REQUIREMENT -
What is needed is a word-for-word transcript of the listing, free of pictures.

DATASET EXCERPT -
•••

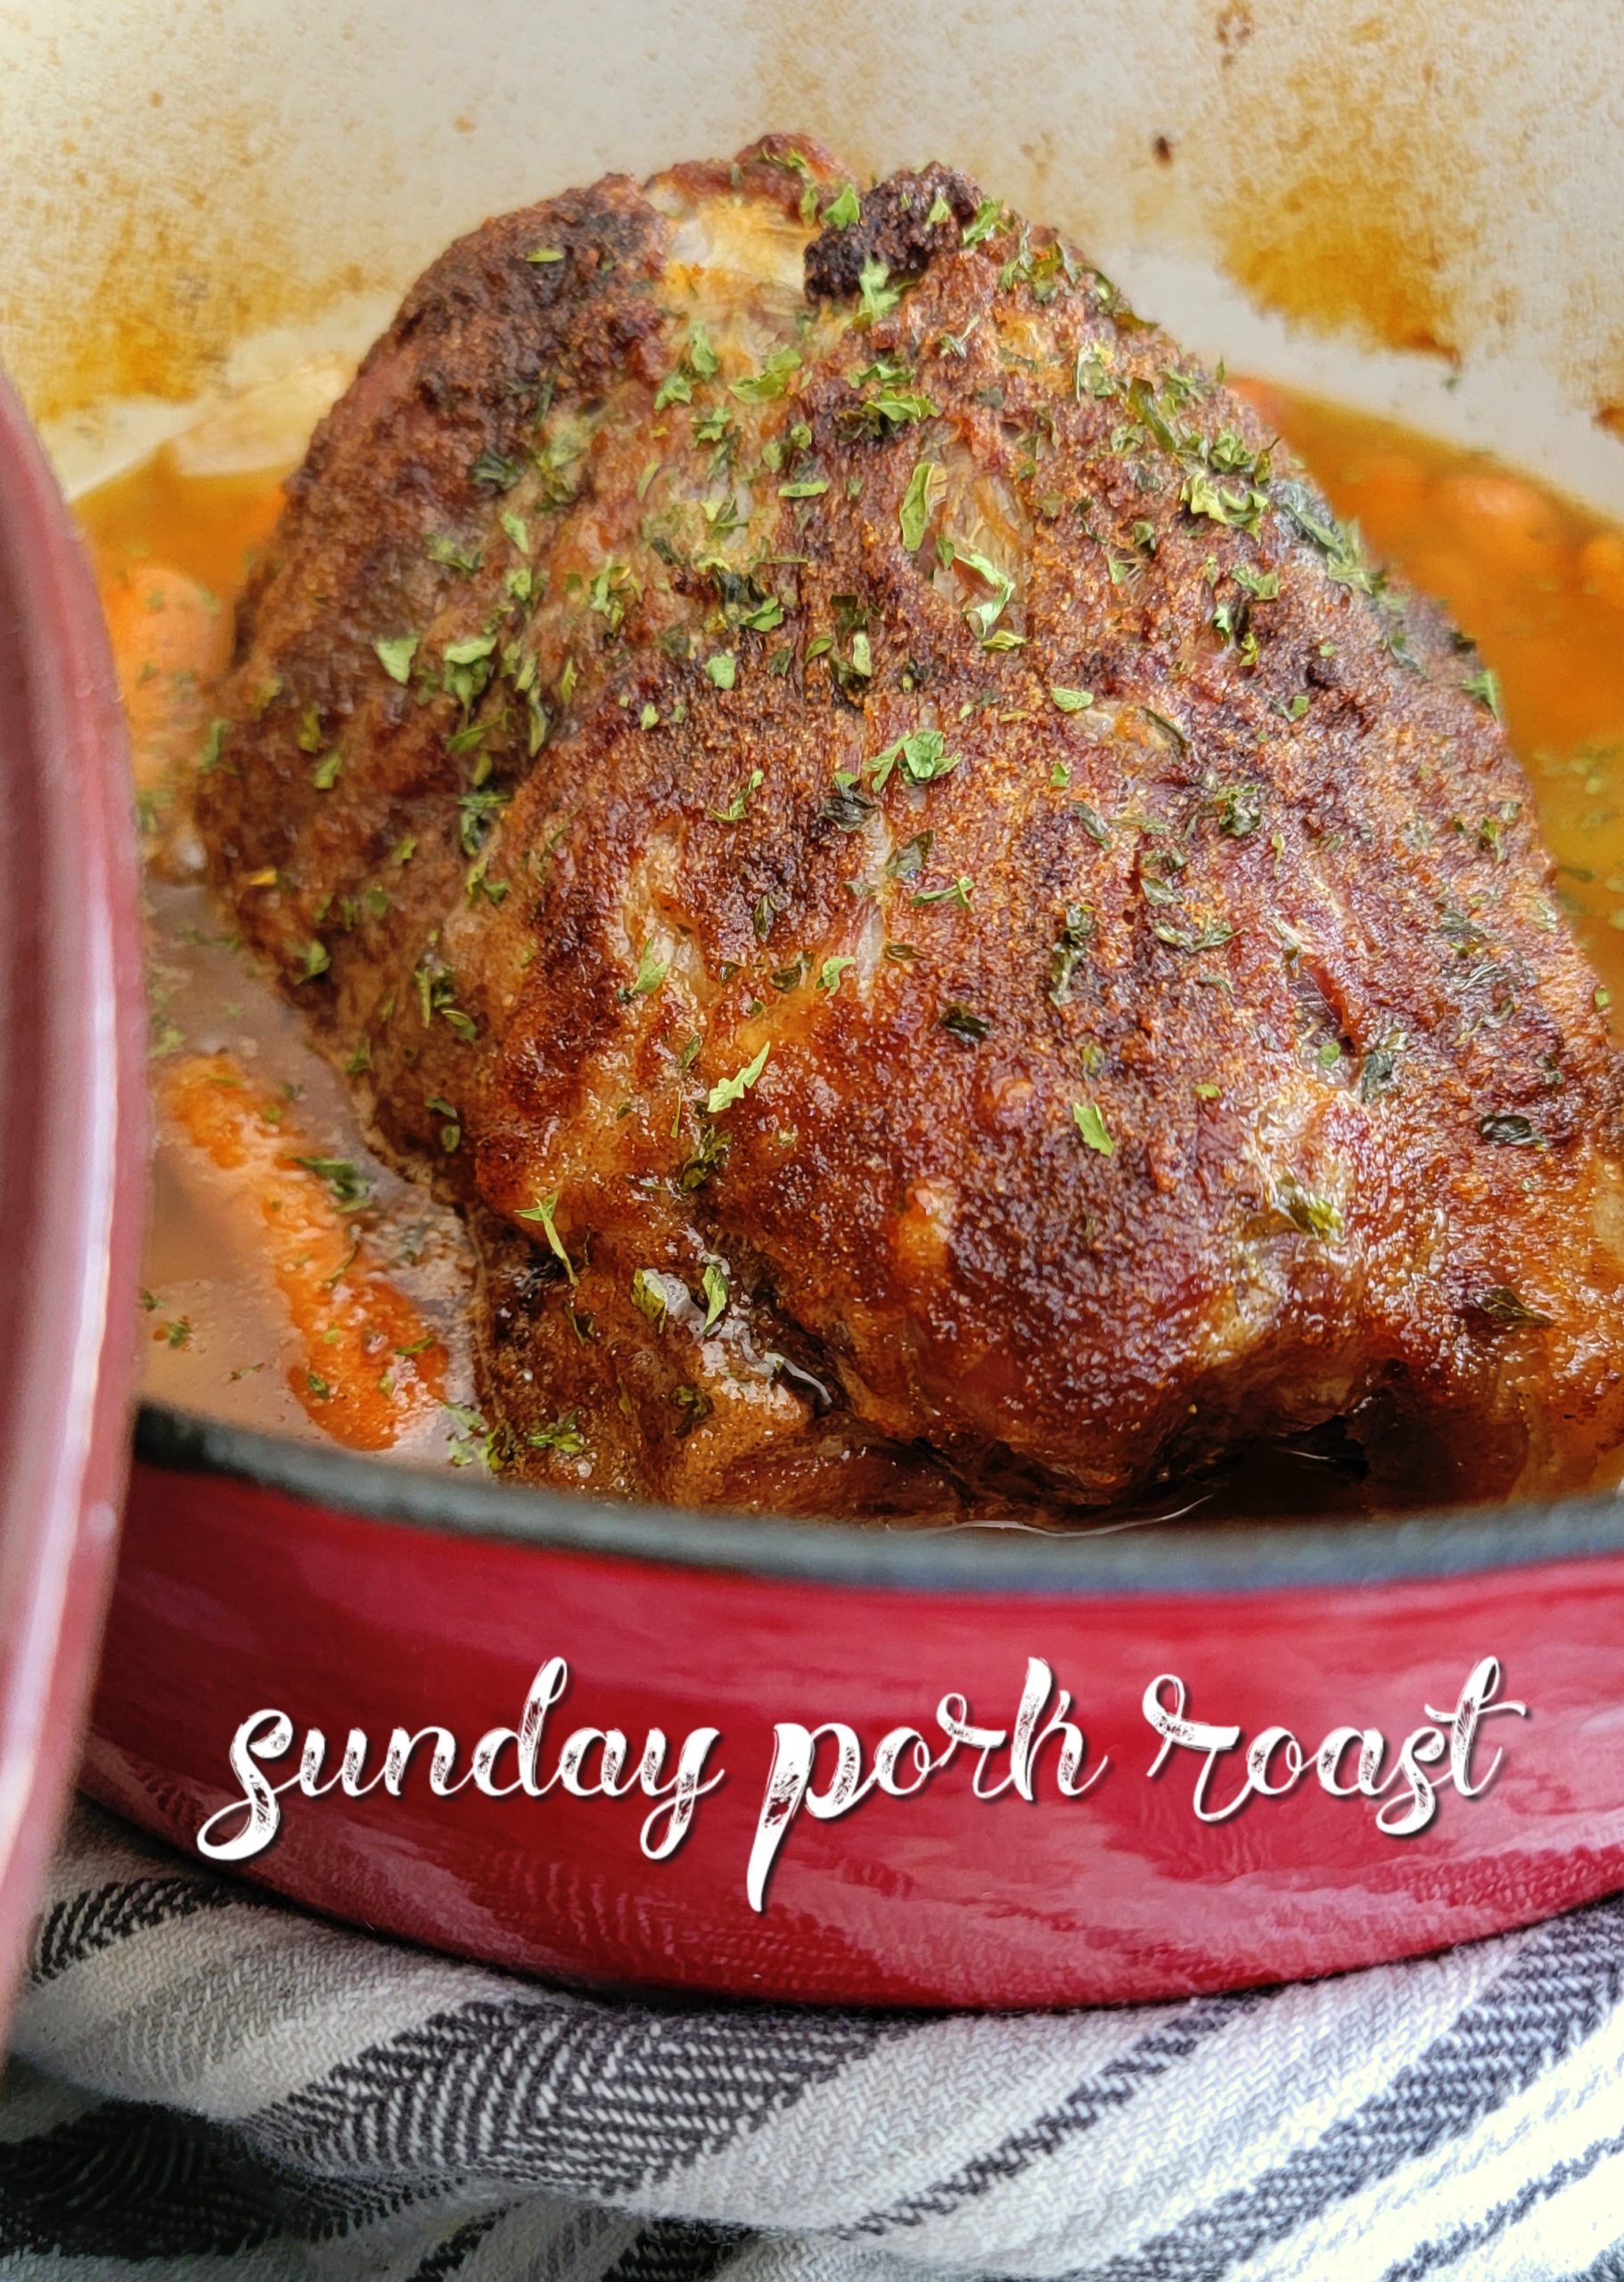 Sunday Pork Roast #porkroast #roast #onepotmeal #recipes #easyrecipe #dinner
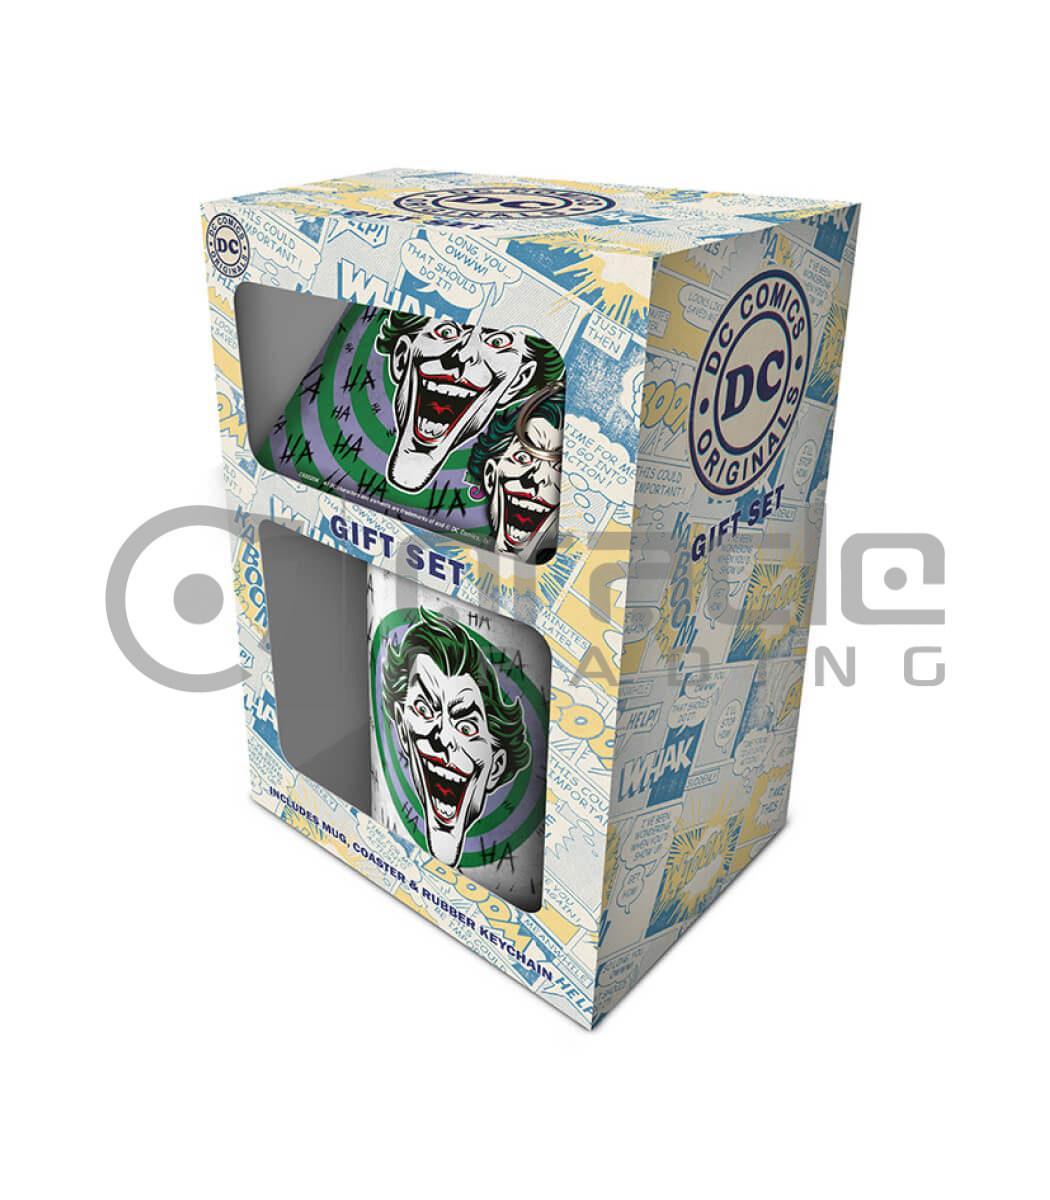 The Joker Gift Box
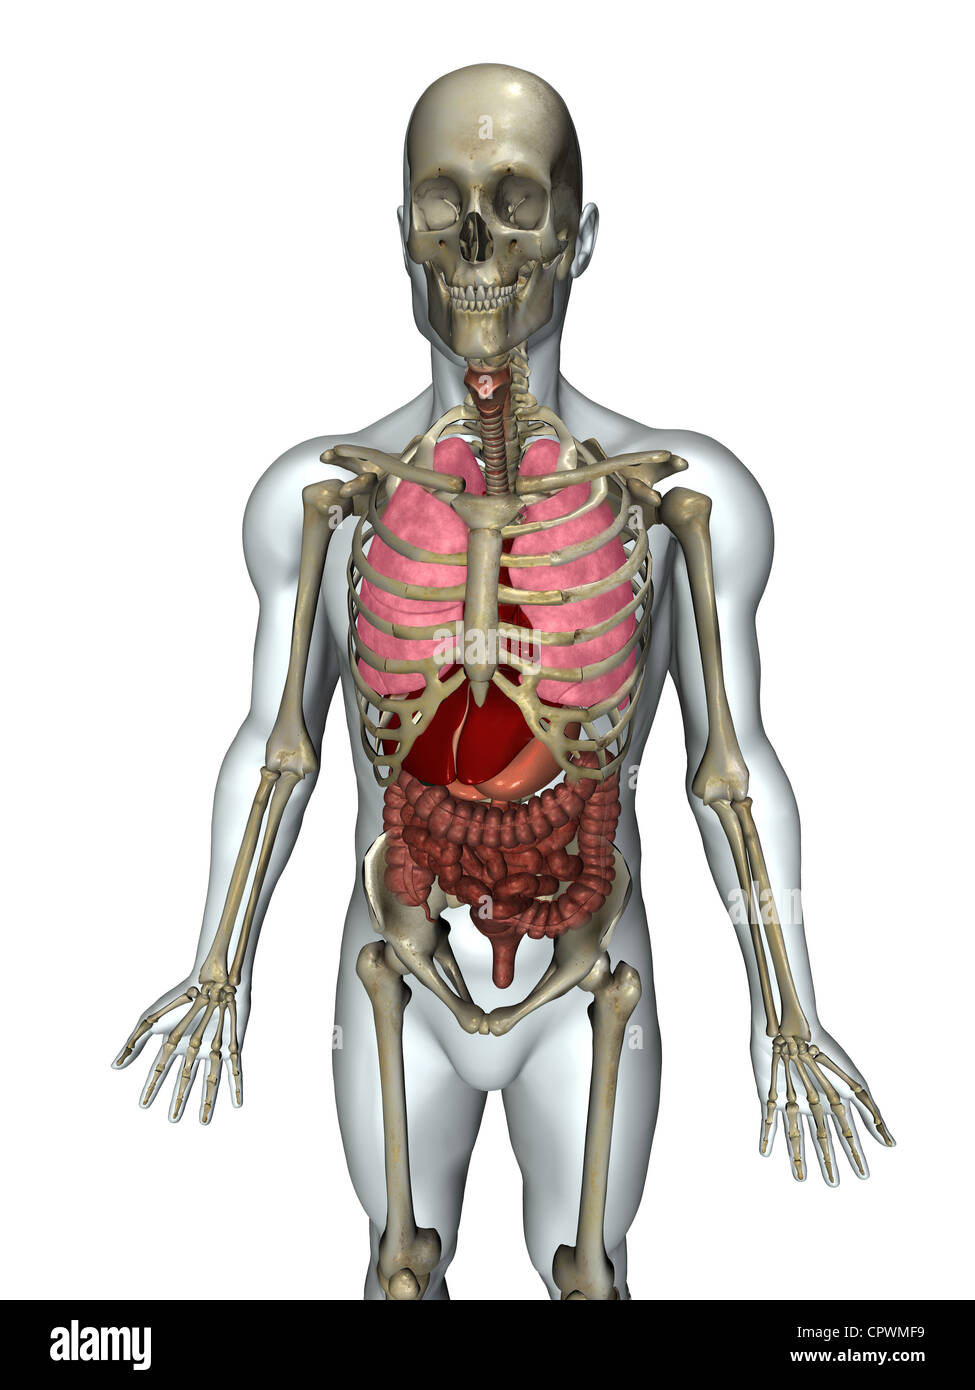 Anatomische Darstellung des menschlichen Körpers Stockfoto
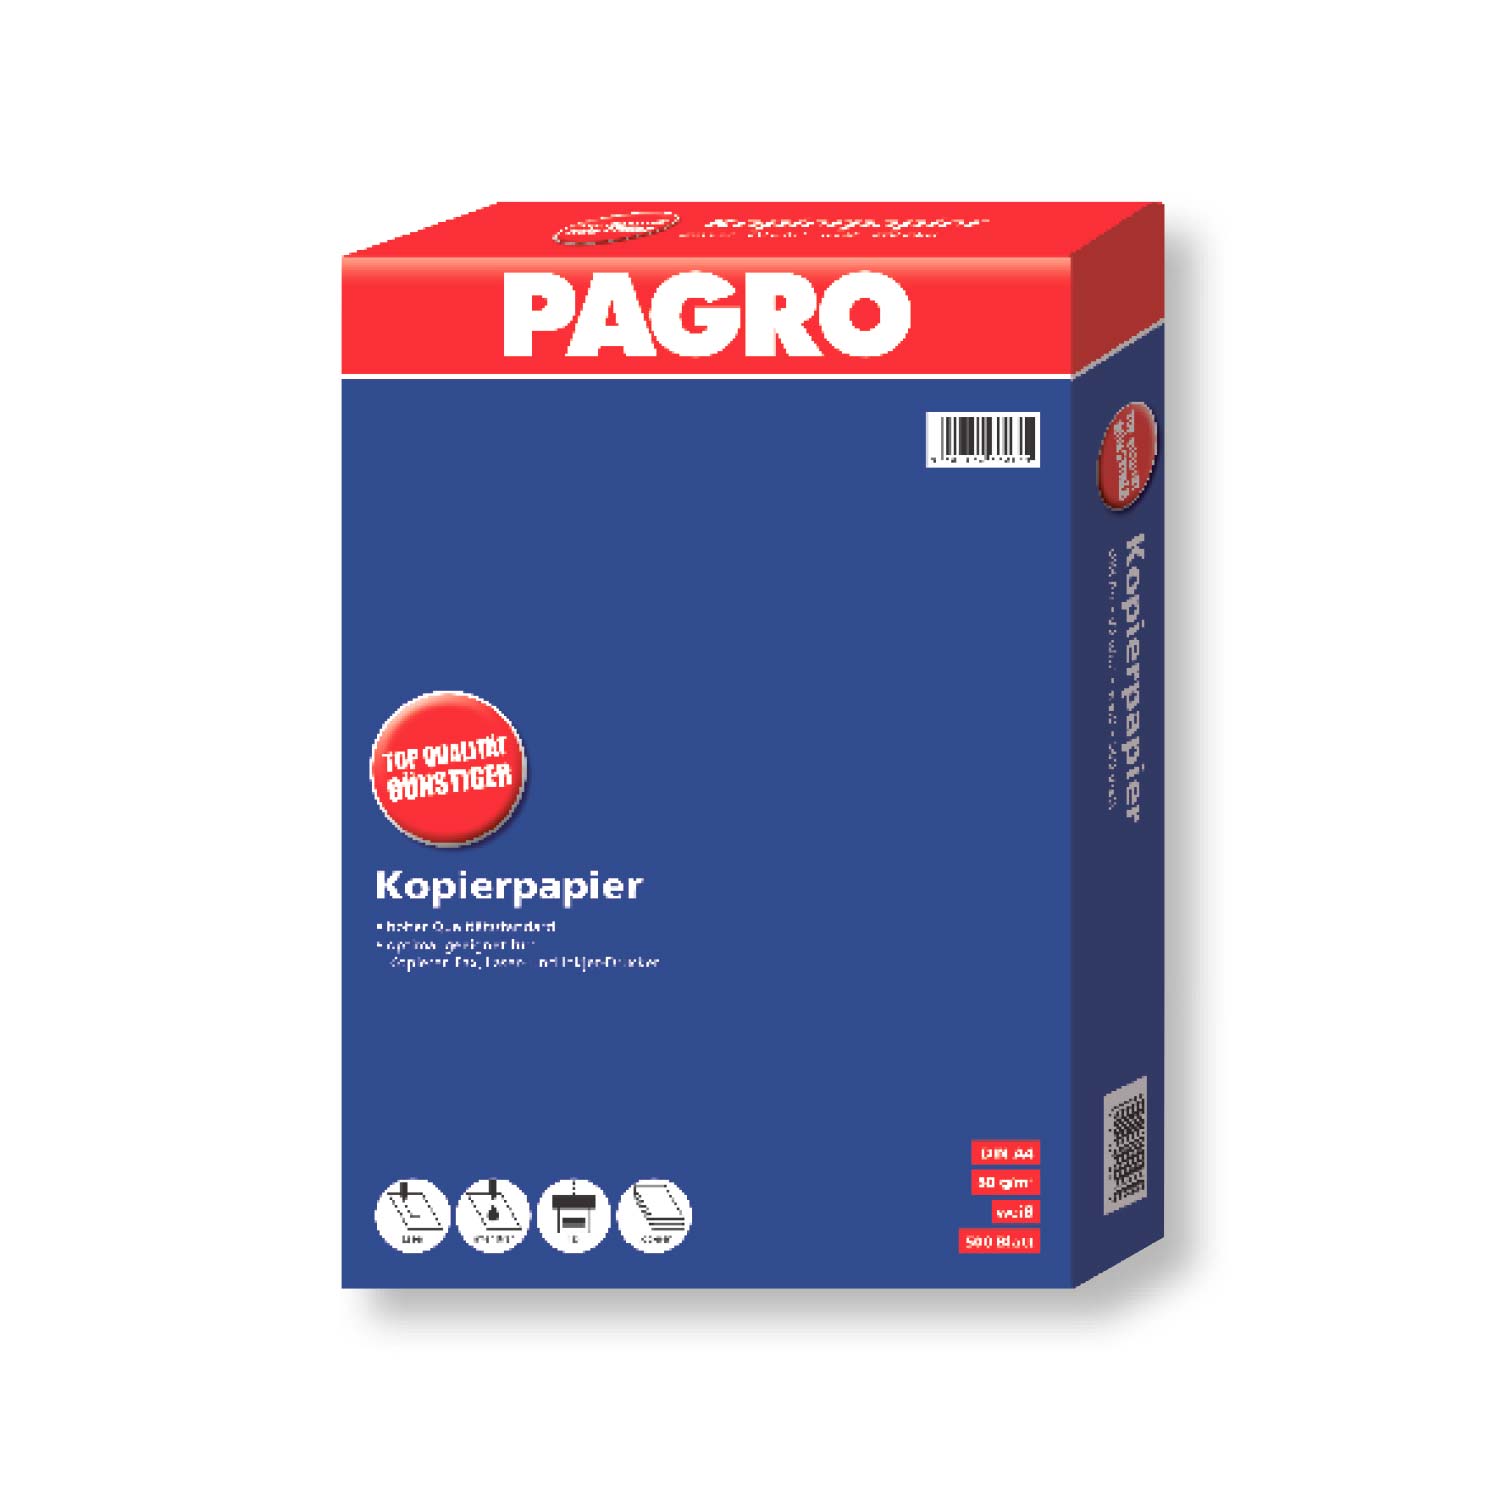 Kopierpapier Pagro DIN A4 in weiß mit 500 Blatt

•••

ANSWER AREA -
 Sunday Pork Roast #porkroast #roast #onepotmeal #recipes #easyrecipe #dinner
 The Joker Gift Box
 Anatomische Darstellung des menschlichen Körpers Stockfoto
 Kopierpapier Pagro DIN A4 in weiß mit 500 Blatt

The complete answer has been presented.